### Task description
An exact copy of the lines of the listing below between the "Francisco Tello's show" line and the "stirring cinnamon in to applesauce" line, both included, is the whole answer; please omit the pictures.

### Records shown
══════

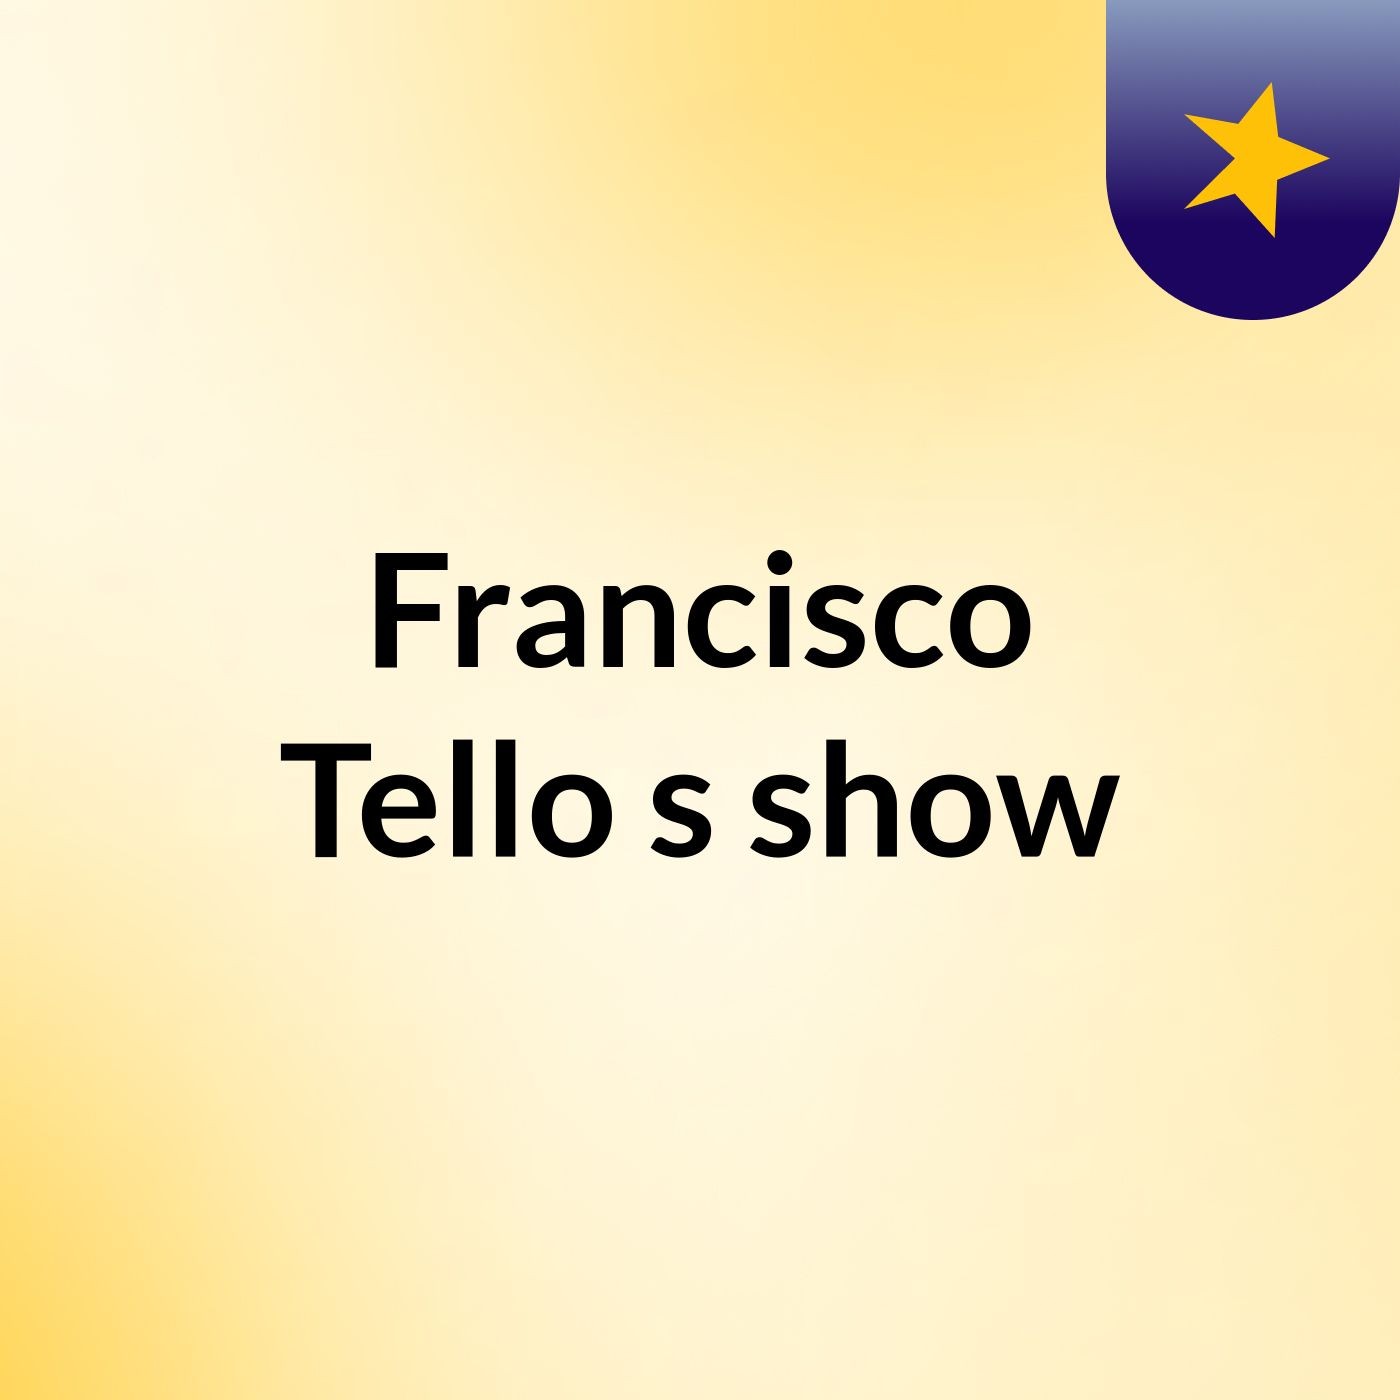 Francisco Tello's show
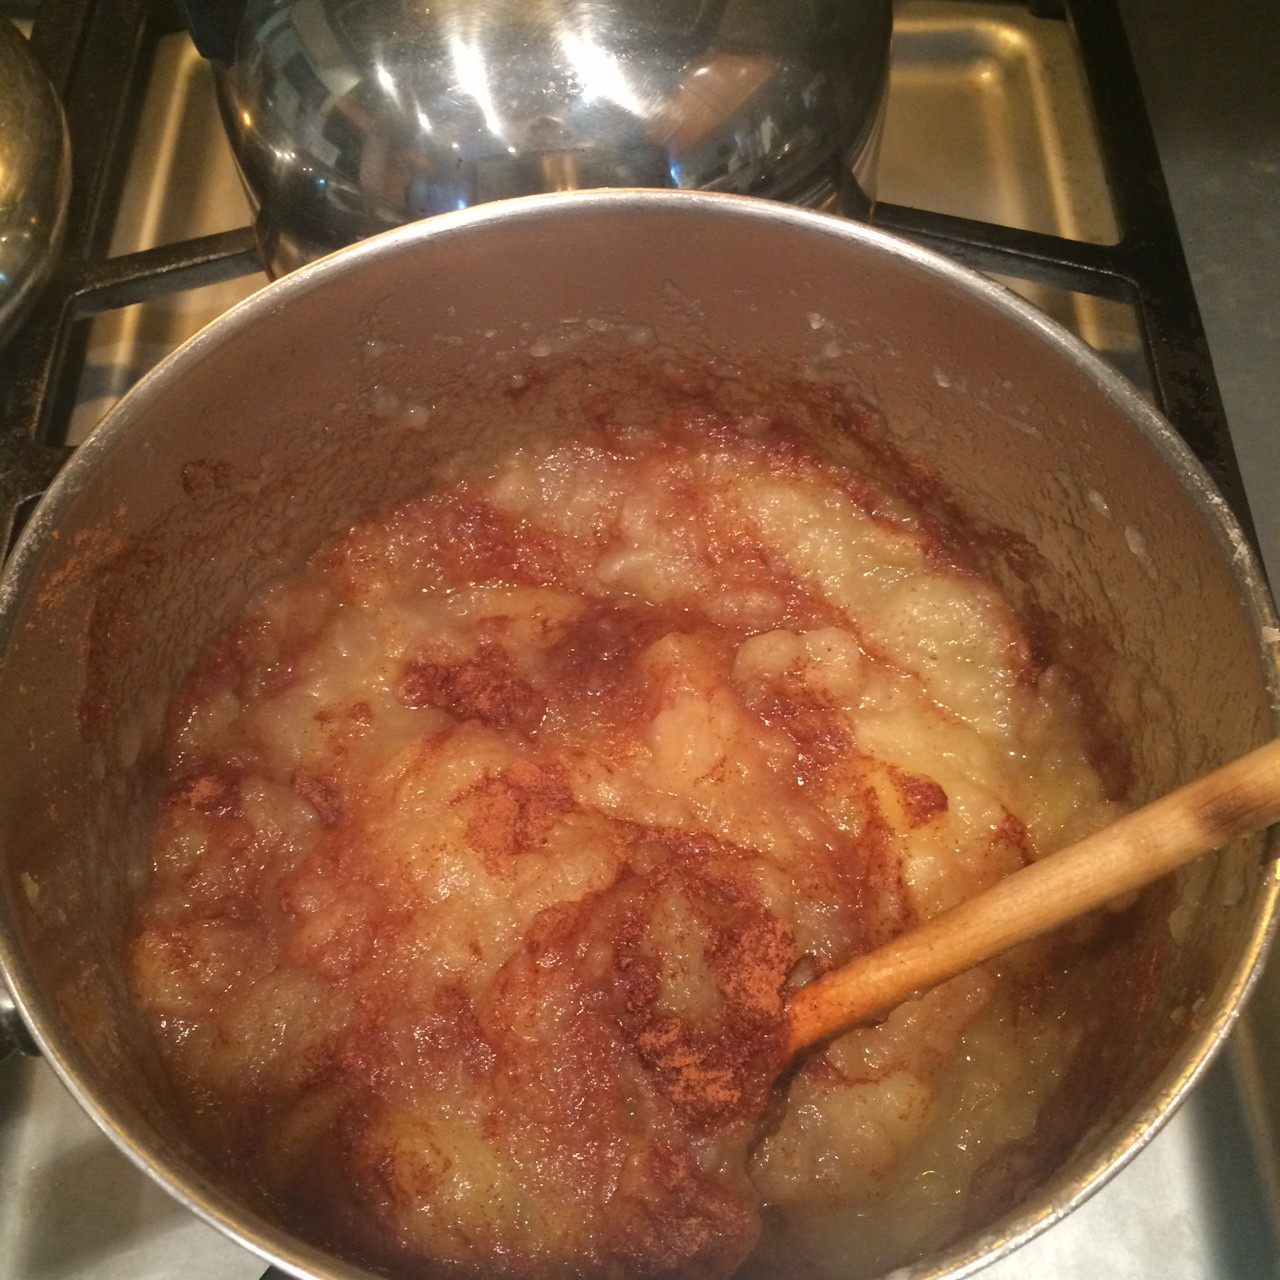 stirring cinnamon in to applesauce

══════

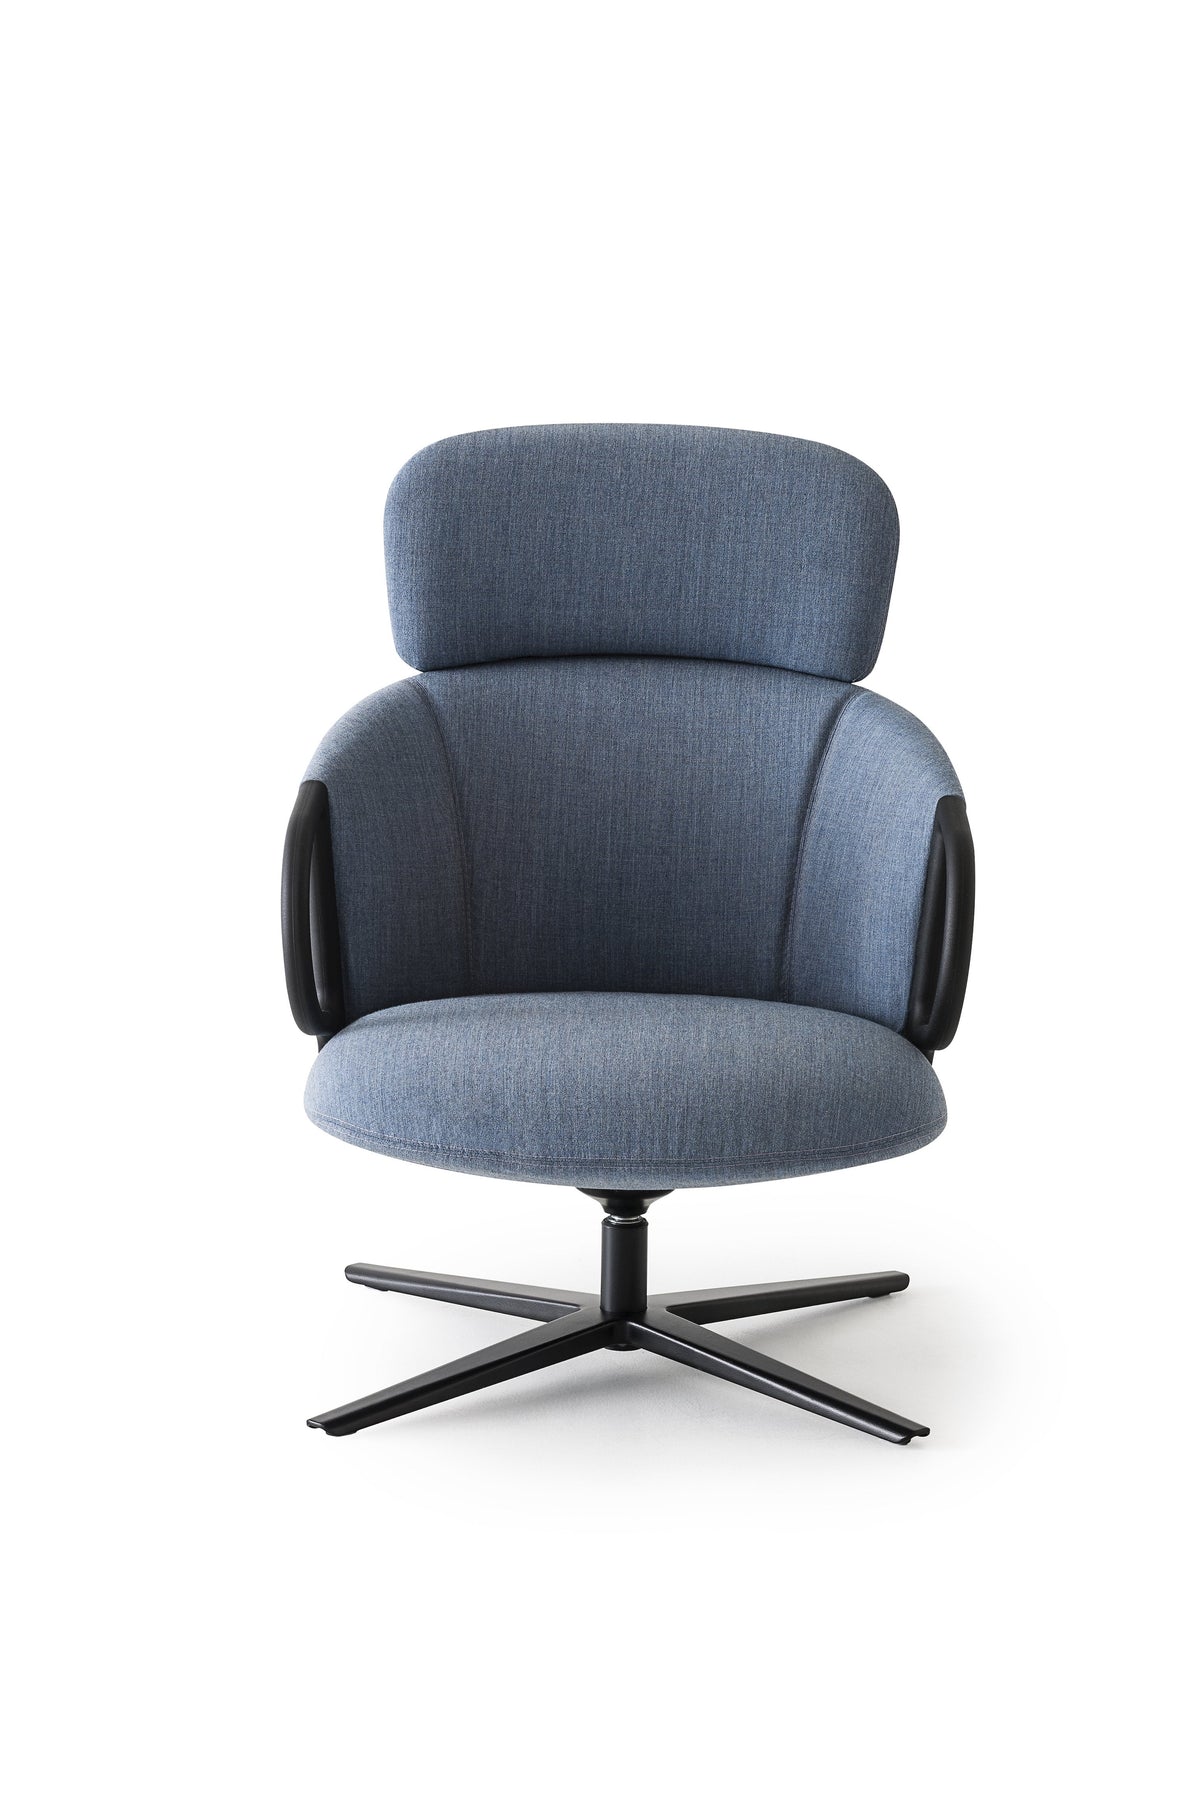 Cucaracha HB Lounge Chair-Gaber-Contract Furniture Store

══════

### Result of this exercise
 Francisco Tello's show
 stirring cinnamon in to applesauce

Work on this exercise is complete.